Author: Steven Cernak
The Department of Justice’s challenge of certain Google actions raises interesting antitrust questions. But during the first week of the trial, the biggest issue seemed to be one aspect of Google’s antitrust compliance program. Some commentators were shocked to discover that Google’s lawyers advised the employees to avoid certain hot-button antitrust terms like “leverage” or “dominance.” Those of us who have implemented antitrust compliance programs for decades were shocked that anyone could be shocked by these ordinary compliance tactics. Below, I explain how such tactics can help meet the two goals of compliance programs.
Goal 1: Follow the Law
The first goal of compliance programs, obviously, is to help companies comply with the law. Everything else being equal, companies would prefer to avoid the real and reputational costs of being known as a law breaker. But complying with a law is not always easy. Sometimes the law is not clear — for example, Sherman Act Section 2 is very short but the actions that constitute monopolization are unclear at best. Sometimes the law, or its interpretation, changes — again, Section 2 is a good example as its interpretation has changed from 1960 to 2000 to today. Finally, the businesspeople who receive the training might be experts in business but definitely are not experts in all the laws that affect them. So, their lawyers must accurately, succinctly, and memorably tell them how to comply with the laws and then let them get back to their day jobs.
A list of words to avoid can be accurate, succinct, and memorable. The sales chief might not understand or remember all the intricacies of tying law but she might remember to ask for advice before using it in a memo or requiring the purchase of a second product before allowing sales of a wildly popular product.
Goal 2: Be Seen as Following the Law
Even if the compliance program does not work perfectly and the government or a private plaintiff accuses the company of violations, the compliance program can still help. For example, DOJ has started to give a company credit for a good, but not perfect, compliance program in its investigations and sentencing decisions.
More generally, a good program, perhaps even including a list of phrases to avoid, can also help the company explain to investigators, judges, or juries why its actions did not violate the law. During any investigation or trial, the lawyers will need to explain both those actions and the words used to describe them. Usually, the fewer explanations needed the better. So having the businesspeople avoid certain hot-button phrases, while still honestly getting their jobs done, will reduce the number of explanations necessary and ease the defense burden. The lawyers will still be forced to explain why a requirement to buy product B to get defendant’s wildly popular product A is not anticompetitive. But their burden will be eased if they do not also need to explain what some low-level marketing specialist meant two years ago in an email that suggested the company “leverage our dominance.”
As a result, the standard compliance advice is to be clear and honest in what you write.

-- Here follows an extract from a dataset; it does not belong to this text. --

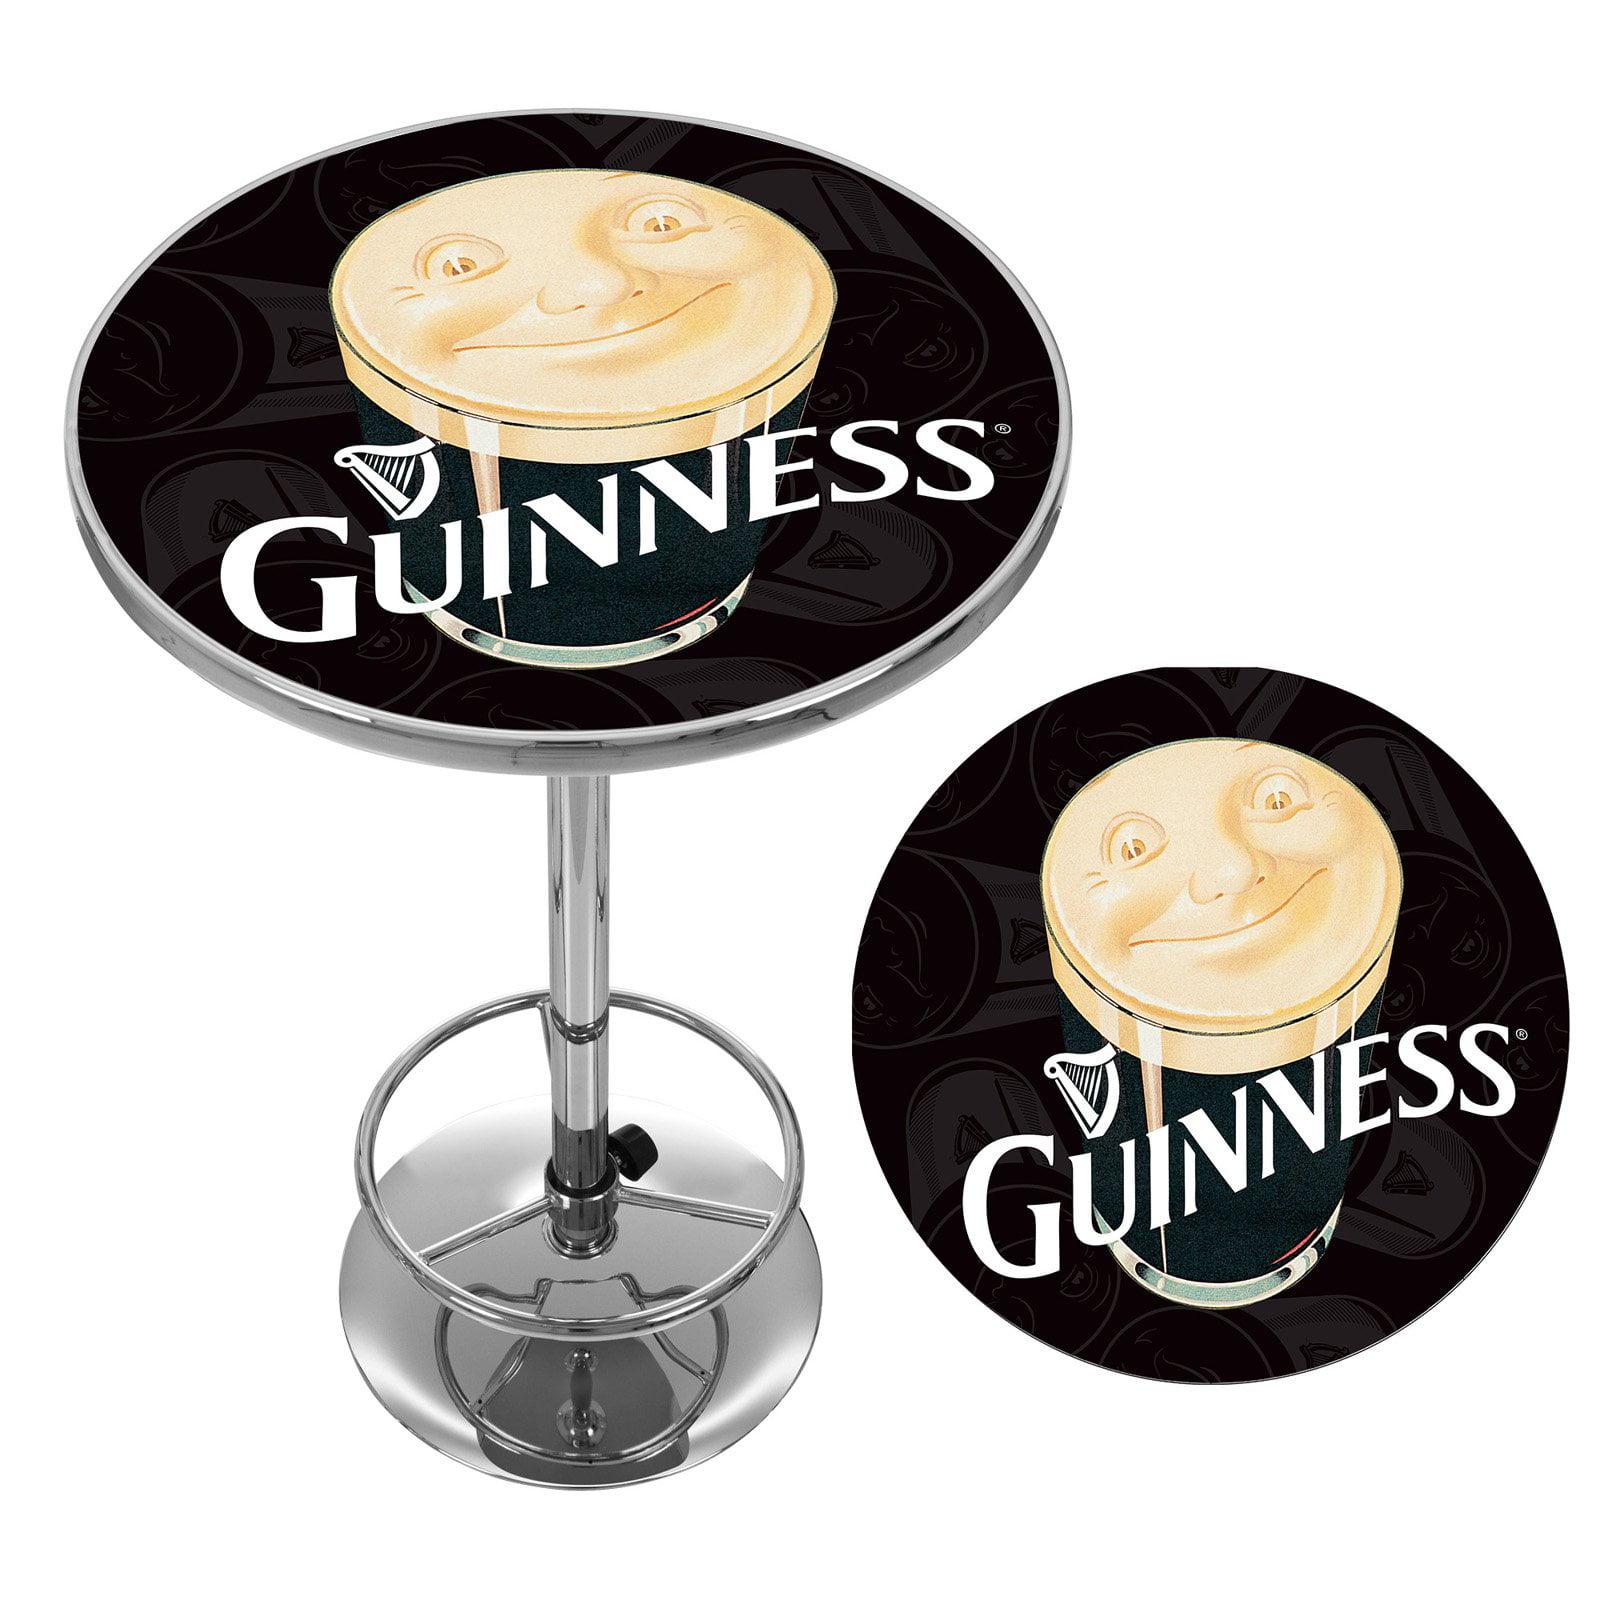 Guinness Chrome Pub Table by Trademark Global LLC
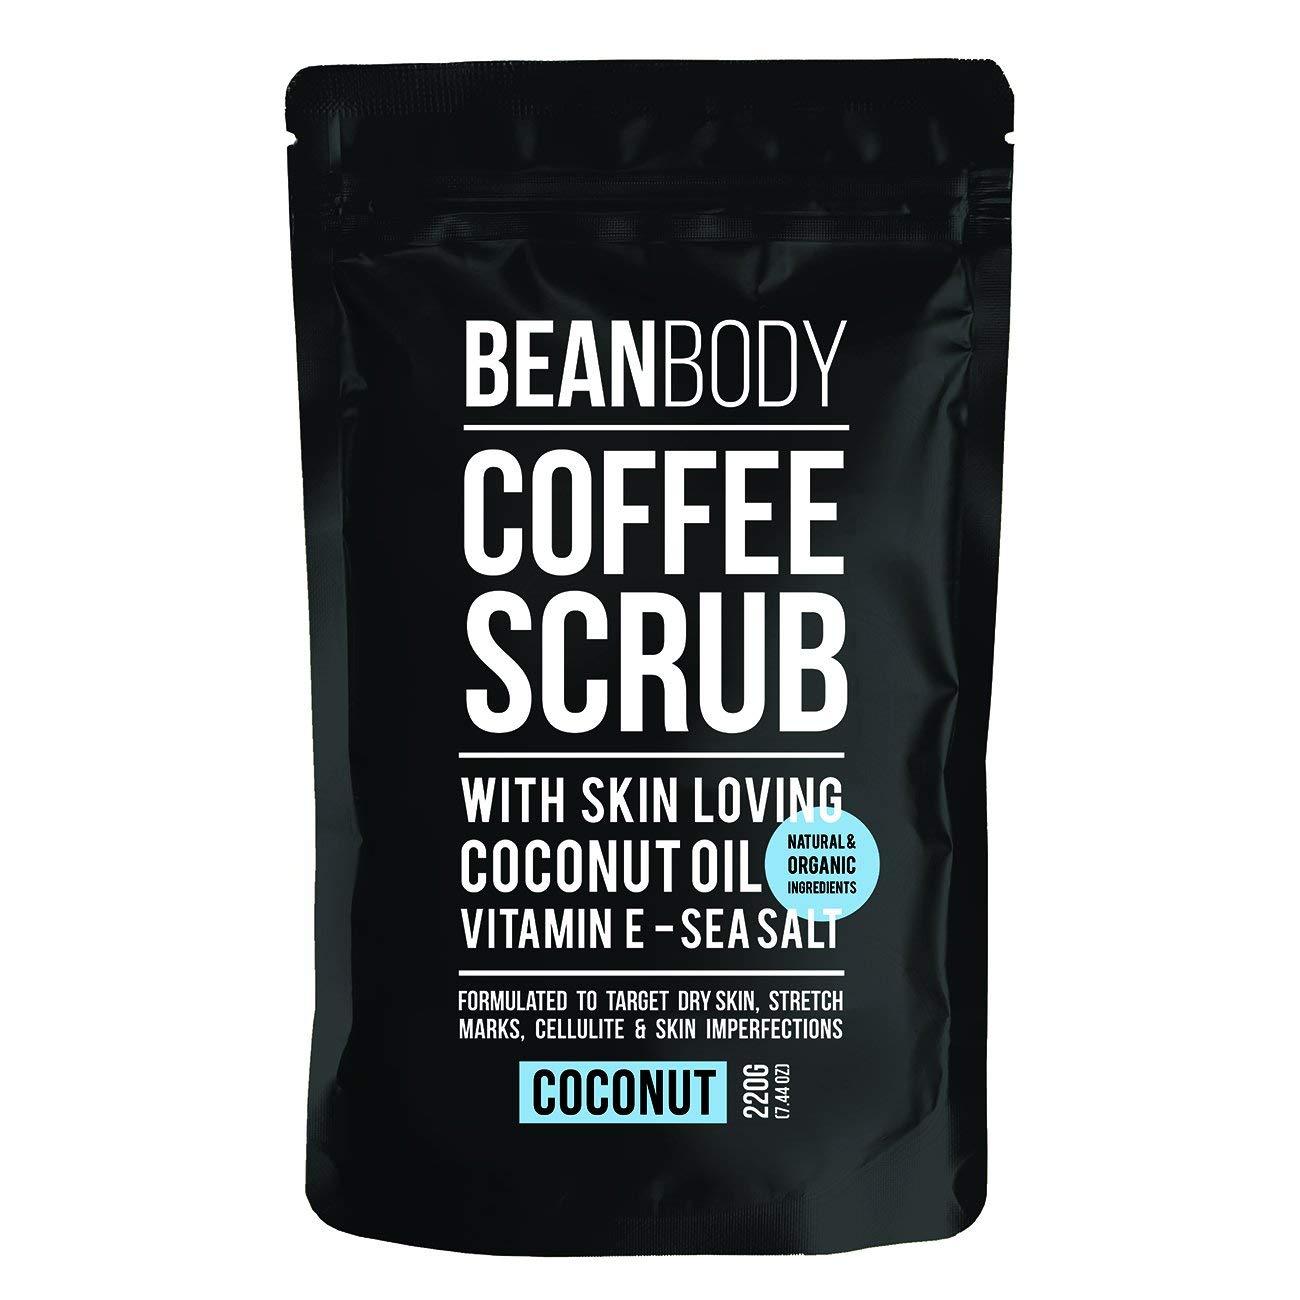 Mr. Bean Organic All Natural Coffee Bean Exfoliating Body Skin Scrub with Coconut Oil, Vitamin E, an

Will you remember six months or three years from now why you used that phrase? How will that phrase look on the front page of the [New York Times/Wall Street Journal/Automotive News/government’s brief]? To make that advice even clearer and more memorable for the businesspeople, sometimes the compliance program will give examples, even long lists, of words and phrases that will be difficult to explain and so should be avoided.
Why Such Advice Can Be Necessary
Now, that list of “forbidden words” cannot be the entire compliance program. As compliance specialists have known for a long time — and as the DOJ has made clear — multiple elements of a program must work together to create a “culture of compliance.” Merely avoiding certain words is unlikely to help if, say, the CEO mocks the need for such compliance programs or they are otherwise seen as merely “check the box” exercises foisted on busy workers by a busybody legal department.
Also, the compliance lawyers must avoid going overboard on the forbidden words list. In what is now a classic example, product liability lawyers instructed engineers to avoid references to car fires and to use “thermal events” instead. Legal advice to avoid creating bad documents cannot interfere with the businesspeople honestly and accurately creating documents necessary to running the business.
But this advice can counter a couple of impulses of many businesspeople. First, sports and war analogies are common in business-speak. Phrases like “crush the competition” or “kill them in the cradle” seem as common in the boardroom as in the high school locker room. Second, many actual or would-be executives like to use MBA-speak even if it might not make sense in the given situation. Whatever meaning phrases like “dominating the market.” “leveraging our strengths” or “building a moat around our business” might or might not have in an MBA program or CNBC interview, they often mean something very different in antitrust law.
To be clear, I have not reviewed Google’s entire compliance program to understand what it says beyond the list of words to avoid. But while the trial raises many interesting, even novel, antitrust issues, antitrust compliance programs should not be one of them.